Sandra Yancey knows how to energize a room. As the founder of eWomenNetwork, Yancey made a stop in Memphis this year as she crossed the county attending eWomen Network Leadership Summits to fuel the entrepreneur spirit. It has paid off. The annual eWomenNetwork Conference kicks off tomorrow and will see the highest attendance in the history of the conference with just over 1,000 attendees converging in Frisco, Texas. Women, as well as men, will be attend the annual conference.
Yancey was in Memphis this past May for a sold-out eWomen Network Summit of women entrepreneurs. The experience was electrifying for the audience. Yancey can light up a room with her positive messages for women as well as men. The summit went so well that the eWomen Network Memphis chapter managing director, Melissa Kaye, saw her membership doubled the same day.
Yancey believes that success isn’t about just putting one foot in front of the other but rising and stepping up.
She has encountered many women that say they don’t want to change who they are to the point of being unrecognizable. Yancey lets them know that they don’t have to change but shift their behavior, rise and move up.
Yancey wants women entrepreneurs to know that they can’t run their business likely they run their household.
Over the past 18 years, Sandra Yancey has been running a women entrepreneur networking business called eWomen Network. So, how did she come up with this idea? Yancey came across some data that showed that women own business at a rate of 2 to 1 compared to men. You would think that these types of numbers would reflect monetarily, but it doesn’t. Women make up only 2% of million dollar entrepreneurs.
Yancey would like to see this change. She added a new mission to eWomen Network to help one million women Entrepreneurs to each achieve one million dollars in annual revenues.
Yancey expresses to women that there are four key elements to being successful all in the acronym R. I. S. E. (Risk, Innovation, Sales Mastery, and Execution).
R – Risk
Nothing big can happen in your business without taking some risk. Without risk, there is no growth. “You have to know in your head, heart, and gut. Sometimes you have to do it. If you are not taking a risk, you are playing it too safe.“, says Yancey.
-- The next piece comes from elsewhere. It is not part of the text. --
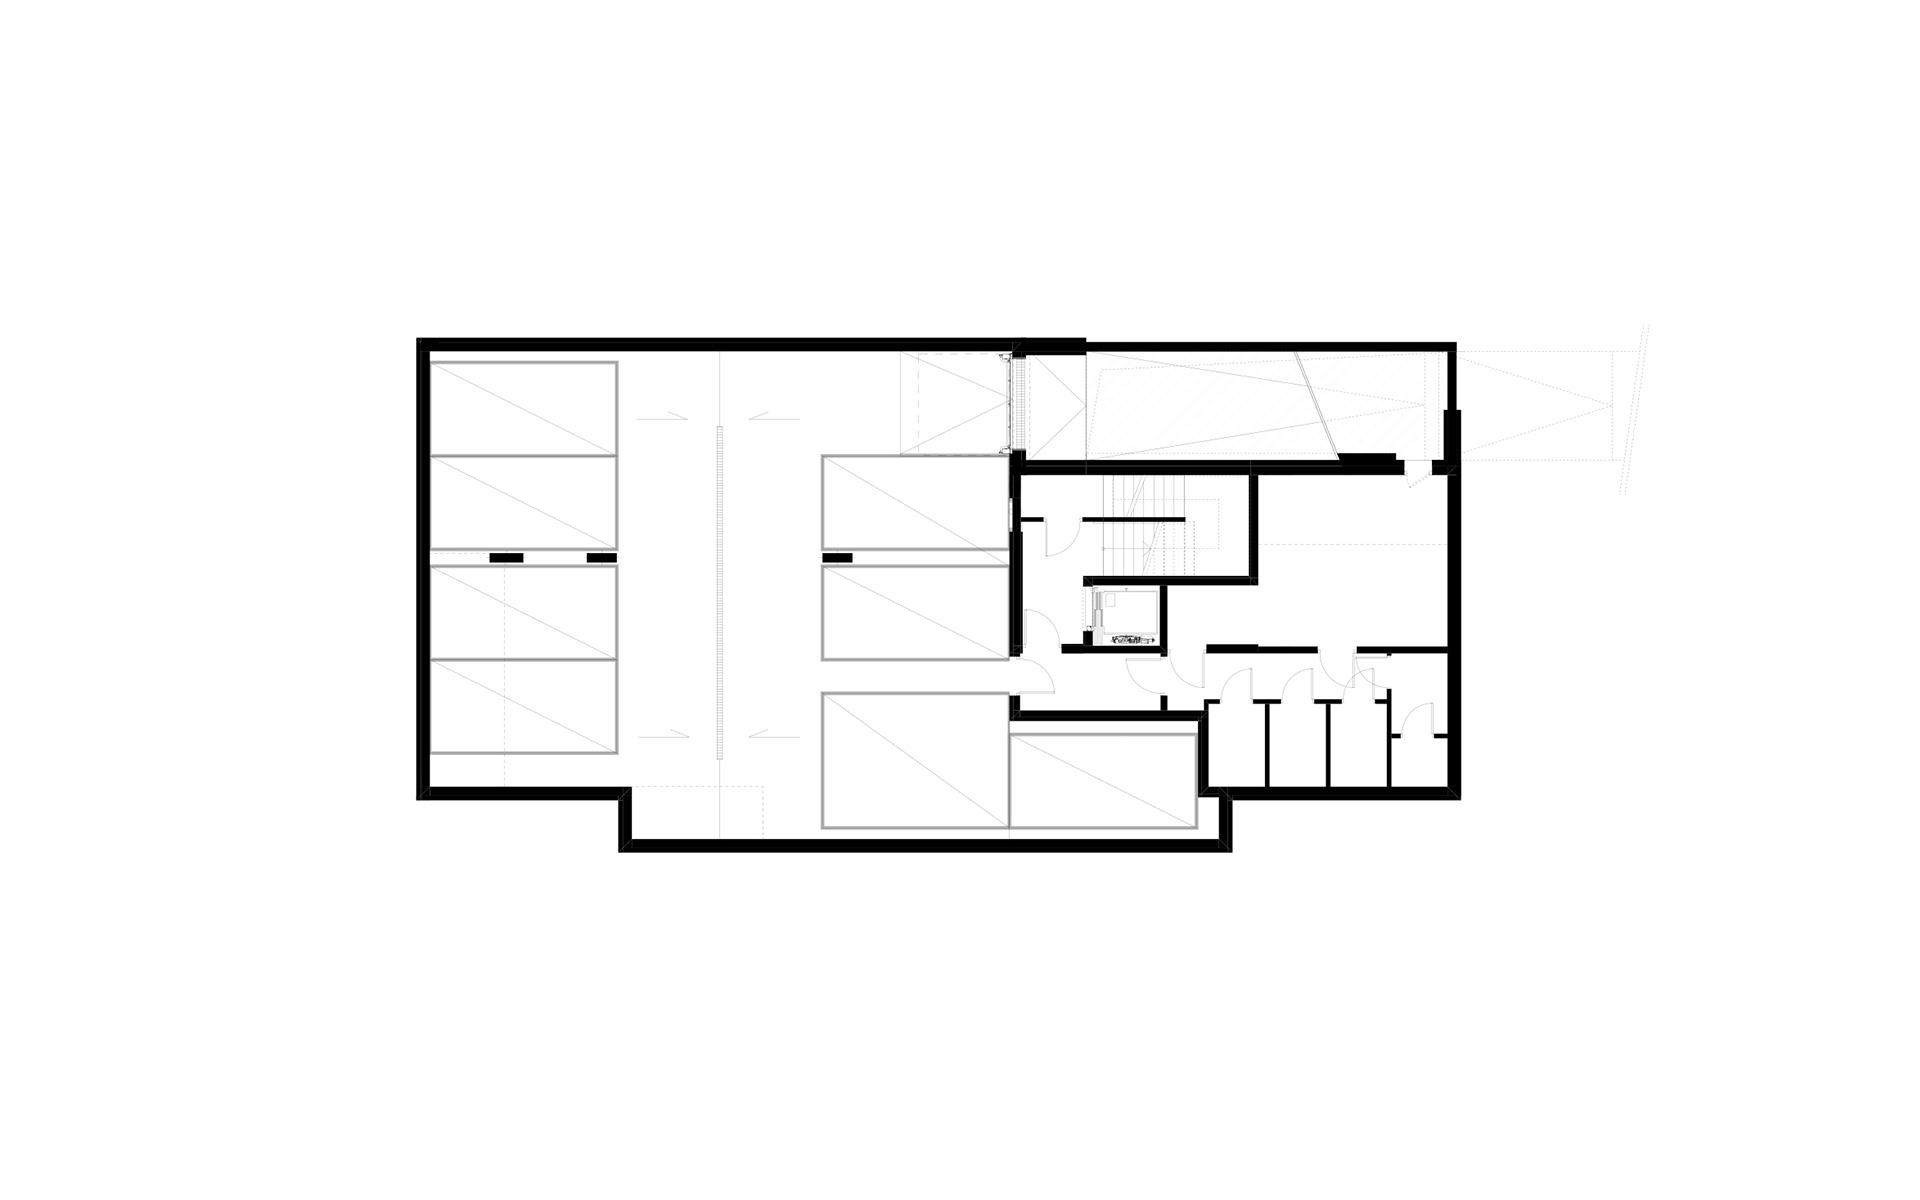 Czwarty obraz schematyczny projektu apartamentowca

Many people start out in business thinking that they are just an amateur. What they fail to see is that the only difference between an amateur and a pro is the experience. Wisdom gives you the experience to respond to difficult situations that come up in a business.
You have to know the difference between a dream and a calling. A calling is something that you can’t let go. Even if you try to quit, it will just keep nagging at you and keep you awake at night. It will never let you give up.
I- Innovation
A successful business needs to be innovative. Innovation is when you are taking something that already exists and making it better. An example of this is Amazon founder Jeff Baso. Jeff started Amazon in a garage and turned it into a billion-dollar business. Baso didn’t start off selling 5 or 6 products. He had one product, books. Baso focused on selling books until he got it working like a well-oiled machine and then started adding other products.
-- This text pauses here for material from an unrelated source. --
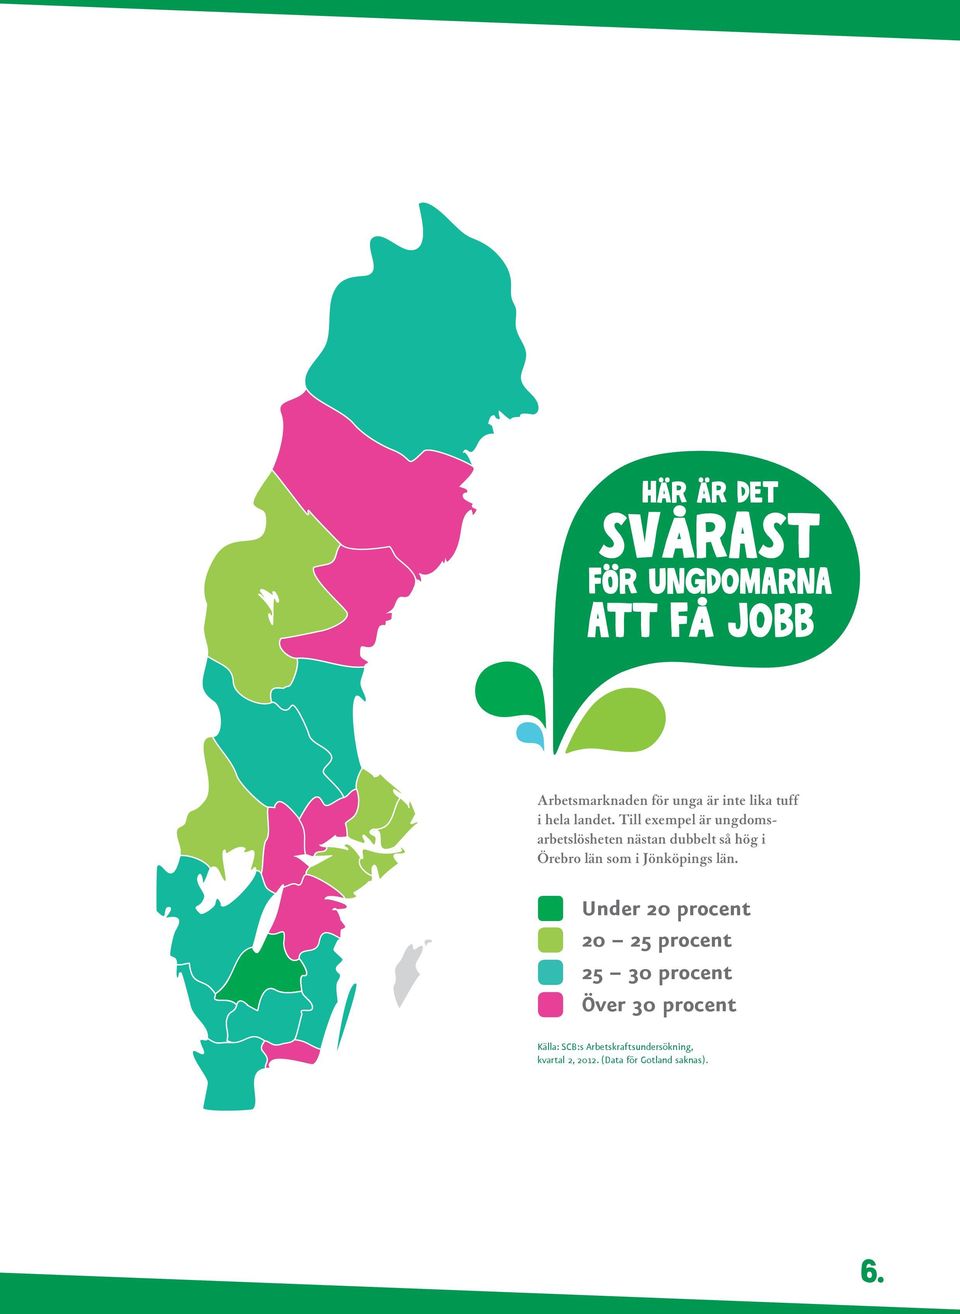 Till exempel är ungdomsarbetslösheten nästan dubbelt så hög i Örebro län som i

Other successful business owners used innovation to succeed. Sara Blakely innovated pantyhose and girdles to make Spanks.
Teachers Zev Siegl, Jerry Baldwin along with writer Gordon Bowker wanted to change the way the world looked at a cup of coffee by selling high-quality coffee beverages and formed Starbucks. Neither of them invented coffee but used it to create something different.
S – Sales Mastery
Your job is to create sales. You need to overcome the no’s from potential customers: No Néed, No Hurry, No Money and No Trust. All four require you to put time and effort into getting to know your customers.
E- Execution
How you start your day defines your day. Success is nothing but the execution of habits. You have to show up. A lot of women entrepreneurs want to stay small to keep control of their business when in reality staying small gives you the least control because you start to wear to many hats says Yancey.
Humble Beginnings
Yancey will tell you that it wasn’t easy achieving a million dollar company. She came from very humble beginnings. Yancey, from Mexican descent, was raised by a single mother who spoke very little English starting at the age of 5 when her father passed away on her birthday. As she grew tired of networking environments that consisted of small talk, she decided to start eWomen Network in a little room above her garage.
Yancey believes that business owners shouldn’t take on too much. “Being spread too thin is the kiss of death”, says Yancey.
When Sandra Yancey’s mission comes true, there will be one million women glad that she held on to the dream that birth eWomen Network.